Foursquare, I Can't Quit You

Hey, Foursquare, a social network with about 250 times as many users as yours just incorporated your core functionality and even co-opted the term "check-in" that you've been trying to trademark. Is it time to move on?

Not so fast. Foursquare founder Dennis Crowley tweeted a few days ago, "Call from my 86 yr old grandma: 'Hello. I want to know if this Face-Book is like yours. It sounds like Four-Squared, but without the fun.'" Grandma Crowley, apocryphal as she may be, speaks the truth. Foursquare is still more fun, and probably always will be compared to Facebook Places. That means a lot, for now.

When Facebook Places launched, I first checked in at my agency 360i's office and then tried it from a number of other locations in subsequent days. Most of the time, I also used a number of other location-based apps such as Foursquare, Whrrl, Gowalla, Yelp, SCVNGR, and FoodSpotting. Even if I tire of some apps over time, I'm not giving up any solely because Facebook Places is here. Here are five reasons why:



1) It's not easy to tell on Facebook Places who's near you. Foursquare now includes maps to plot your friends' whereabouts, and in general it's better at detecting who's really nearby. Facebook's algorithm currently places too much emphasis on how closely connected it thinks your friends are to you, but if a close friend I've known for half my life checks into somewhere in Iowa, that won't matter to me when I'm in New York.

2) Foursquare's tips are pretty useful. Yes, there's a lot of blather, but when I checked in at the White Plains, N.Y. train station on Friday and saw all the tips urging people to avoid the men's room, I don't care if I have the Seinfeldian syndrome known as uromysitisis -- I'm finding a different place to go. Whrrl is even more focused on recommendations, and FoodSpotting has directed me to some delectable dishes. Facebook will need great content.

3) I don't always want to widely broadcast my location. Foursquare reported that 20% of its check-ins are shared on Facebook, which is significant, but I'd take a hard look at the other 80%. For example, one day I was browsing Atlantic City's outlet stores and earned Foursquare's Overshare badge for checking in at least 10 times within 12 hours.
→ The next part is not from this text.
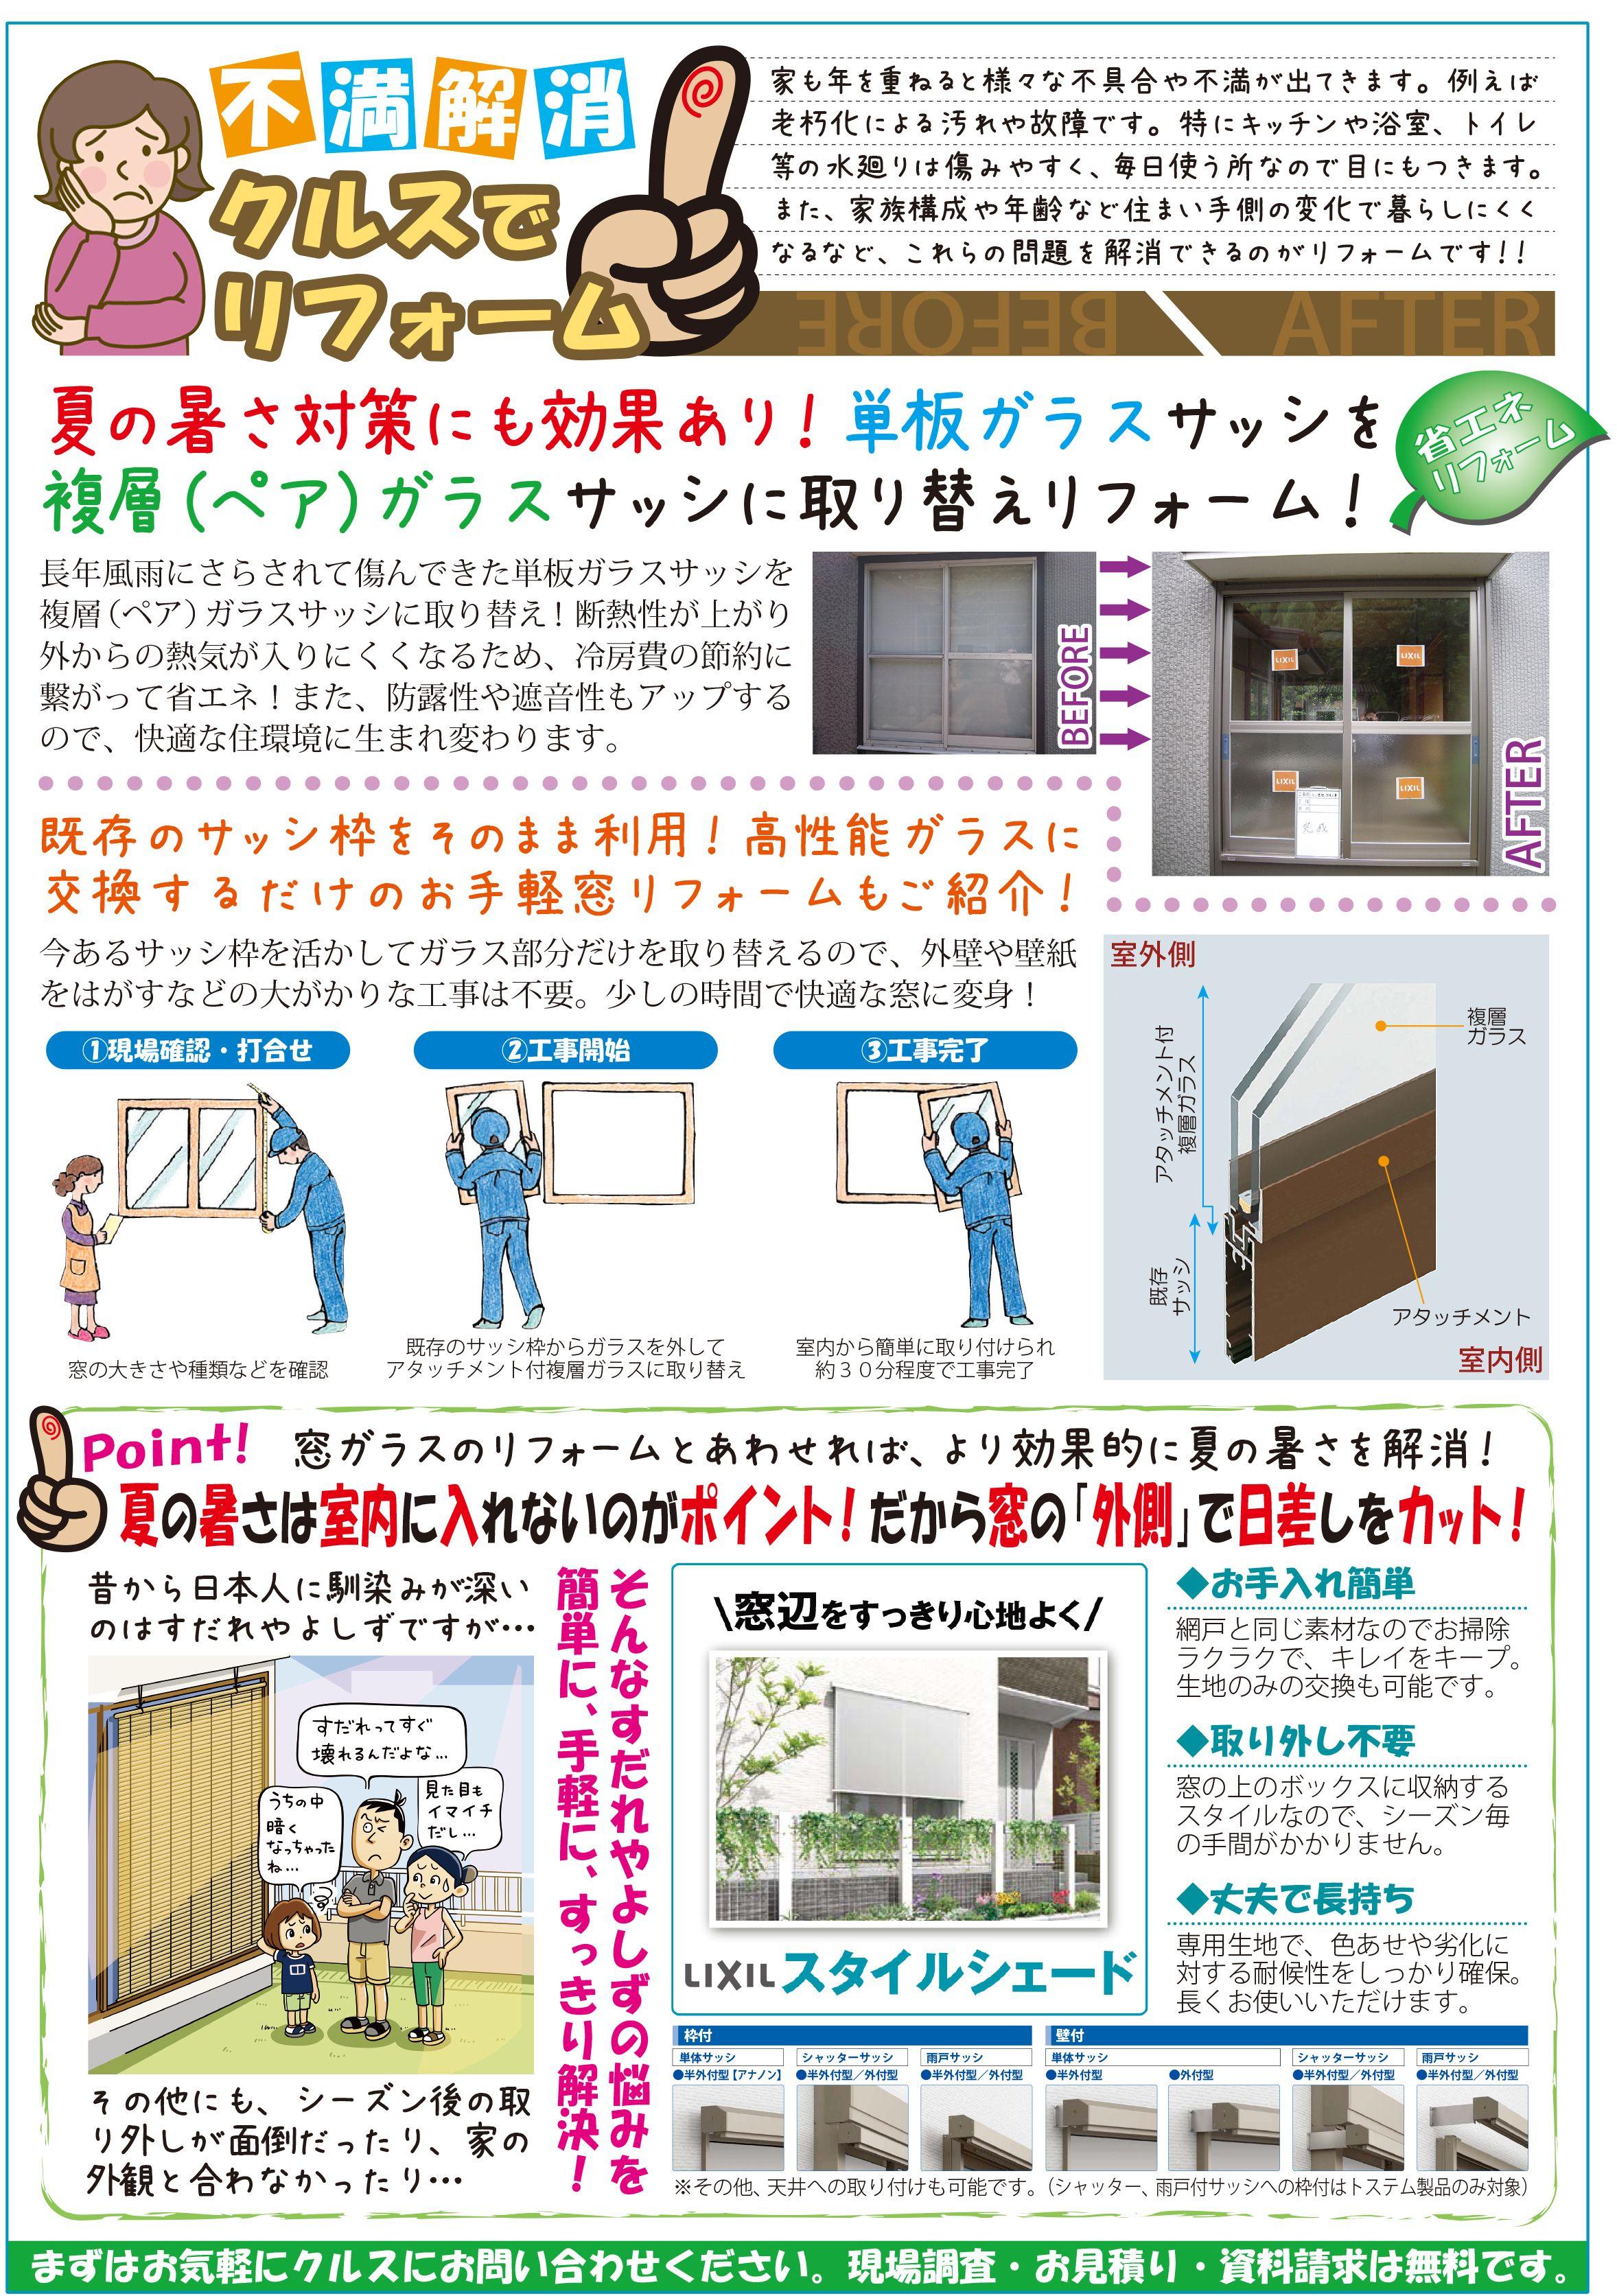 KuraSi-natu-sin100-07.jpg
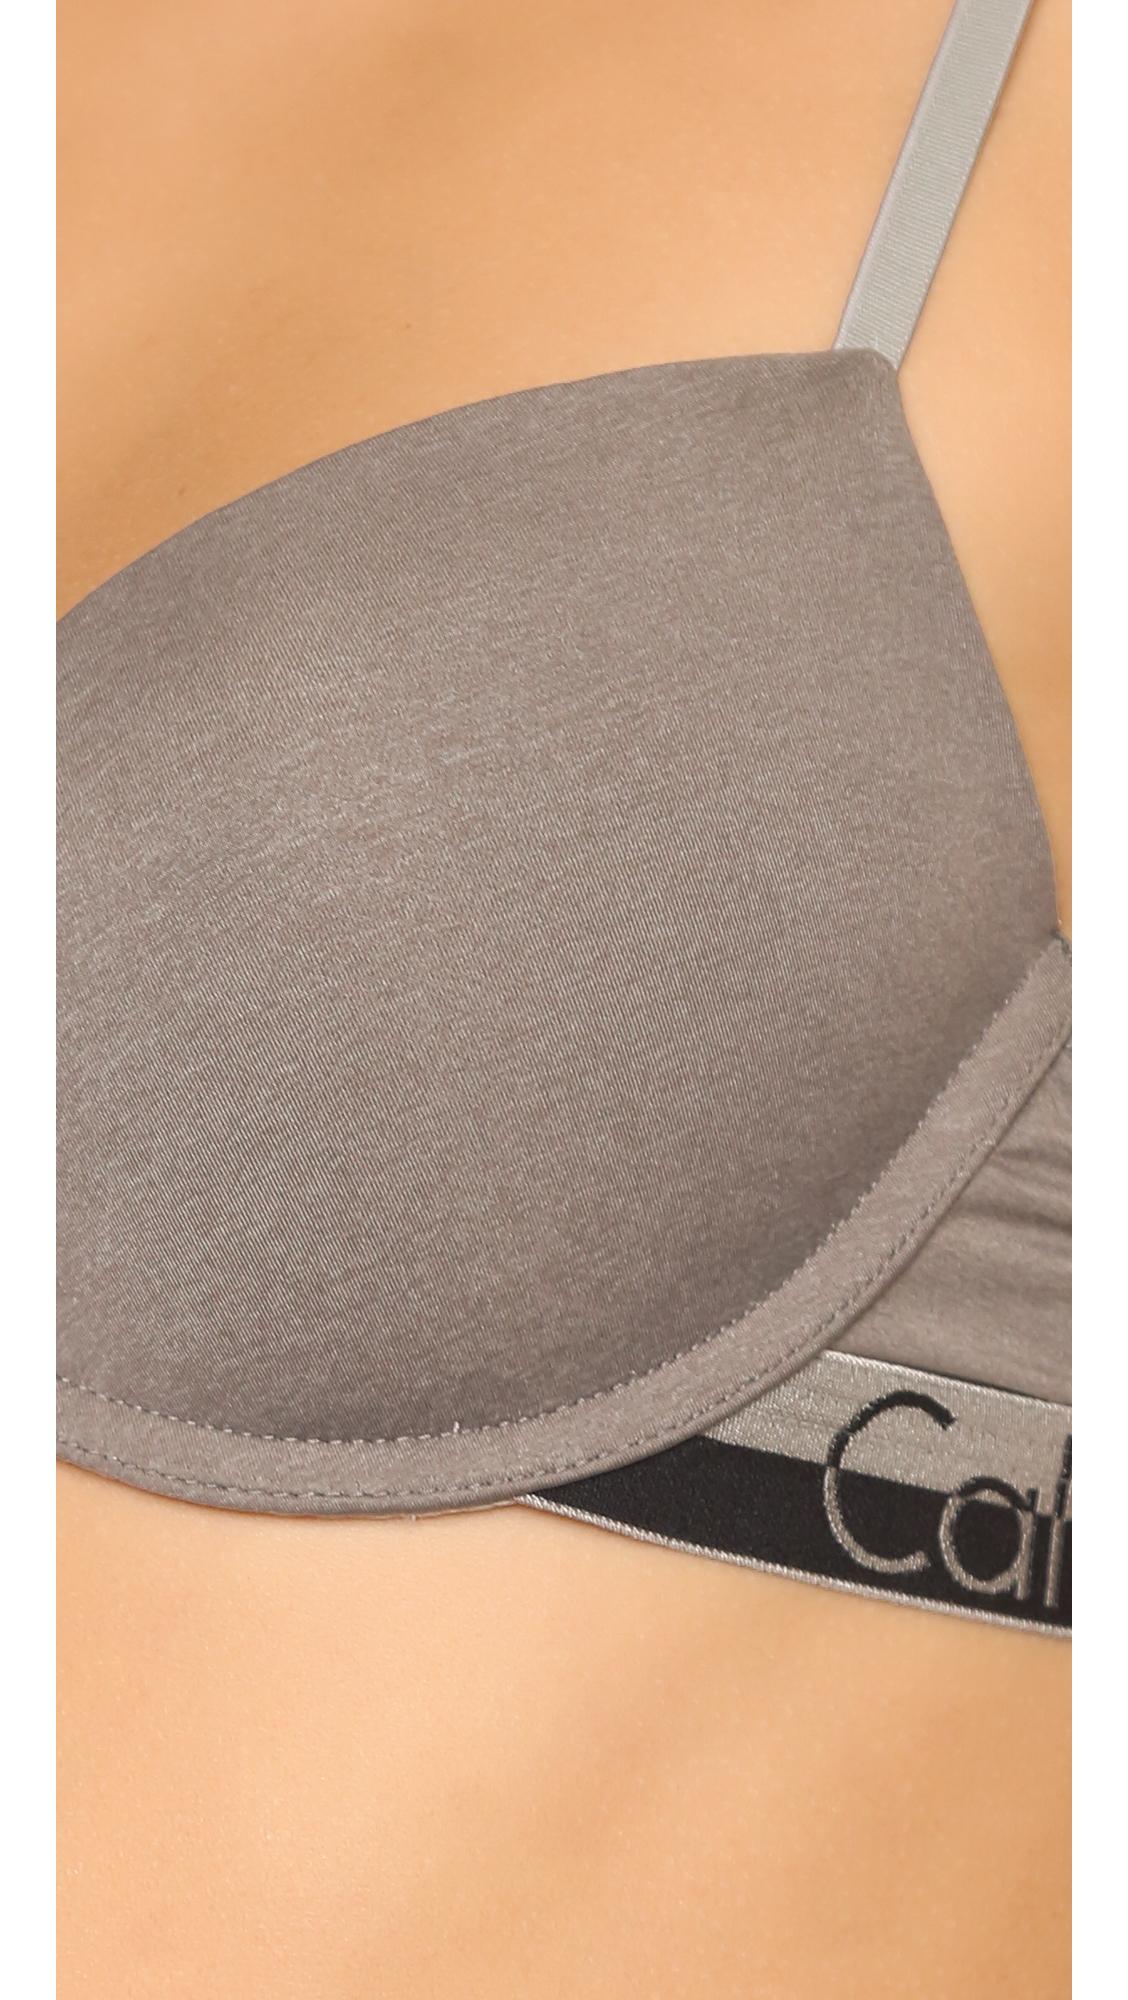 29f8508df92f6 Lyst - Calvin Klein Magnetic Force Flirty Push Up Bra in Gray

That's okay on Foursquare, because my friends there either do the same or don't mind others' check-in binges. If I posted all of those to Facebook, my friends would hide my updates so fast that I'd have to start poking myself. To Facebook's credit, there are various privacy options built into Places, but I don't want to take the time to figure out who cares about my daily whereabouts and who doesn't. With the other location-based services, it's easy -- any friend there is one that cares enough to connect with me in that kind of environment.

4) A lot of people really don't want to share their location. On Friday, I checked into my parents' apartment in White Plains since the building already appeared in Facebook's listings. My parents were especially baffled when I tried tagging them. My mom said, "You just tell everybody everything you do and every step you take and everywhere you are?" My dad responded, "Yeah, whatever." As I noted at the time (on Facebook, of course), not all 500 million Facebook users will use Places. It's not just about my parents either; there's a massive swath of digitally savvy people who do not want to regularly broadcast where they are. For some, it's not just about the broadcasting or being tagged -- it's the whole idea of it. People do become more open over time, but there are real limits when it comes to location.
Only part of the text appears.